Summer questing game highlights impact of personal electronics on wildlife
Cell phones, laptops and other such devices are a way of life in our modern world — chances are you're reading this on one now. But there's a hidden cost to all this connectivity and convenience: the production, use and disposal of personal electronic devices can be devastating to wildlife around the world, damaging habitats and exposing people and animals to hazardous materials.
From June 13 through Aug. 30, the Oregon Zoo's volunteer Zoo Ambassadors will guide visitors through a summertime activity called Zoo Quest, highlighting the connection between animals and electronics while suggesting ways to help.

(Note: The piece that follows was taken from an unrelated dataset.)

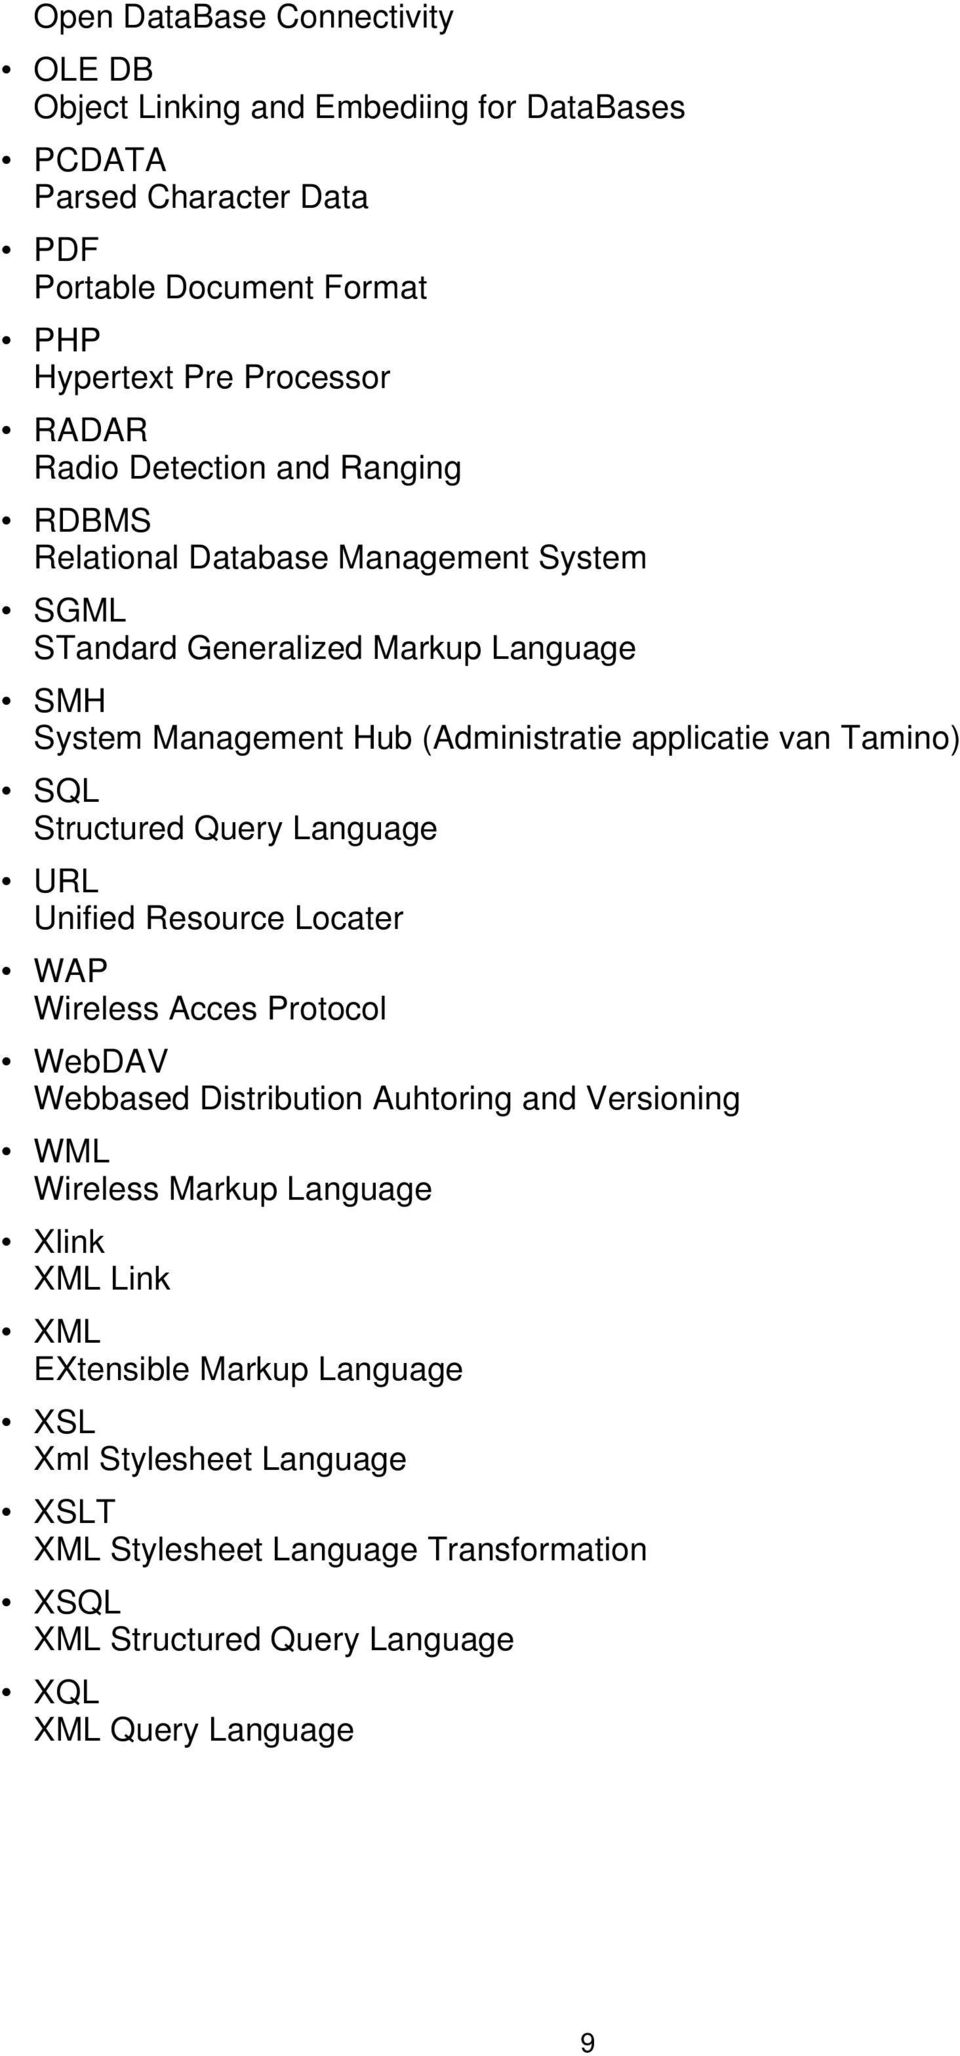 Tamino) SQL Structured Query Language URL Unified Resource Locater WAP Wireless Acces Protocol WebDAV Webbased Distribution Auhtoring and Versioning WML Wireless Markup

Zoo Quest is inspired by other popular questing games and similar to treasure hunting or geocaching. After picking up a "passport" at a station near the zoo entrance, questers follow a series of rhyming clues leading to six additional stations throughout the zoo.
A Zoo Quest sign — and in most cases a volunteer Zoo Ambassador — at each station will help questers answer questions and get their passports stamped, eventually earning a sticker upon completion. The game is suitable for families with children ages 6 through 12, and provides a new way for visitors of all ages to explore the zoo.
"A lot of zoos talk about recycling when it comes to personal electronics," said Jennifer Payne, the zoo's volunteer and youth programs manager. "But few talk about the impacts from producing and using these products."
Some of the Oregon Zoo's most iconic species — including hippos and chimpanzees — are threatened by the demand for metals used in electronics, such as coltan. Fragile forest habitats are often cleared to construct mining sites and their networks of camps and roads. Animals found near mines also become easier targets for poachers and bush-meat hunters.
"We're not saying people shouldn't have cell phones, but we hope some folks might at least think about delaying the purchase of new electronics to help wildlife," Payne said.
The Zoo Quest activity was organized in collaboration with waste-reduction educators from Metro's sustainability department.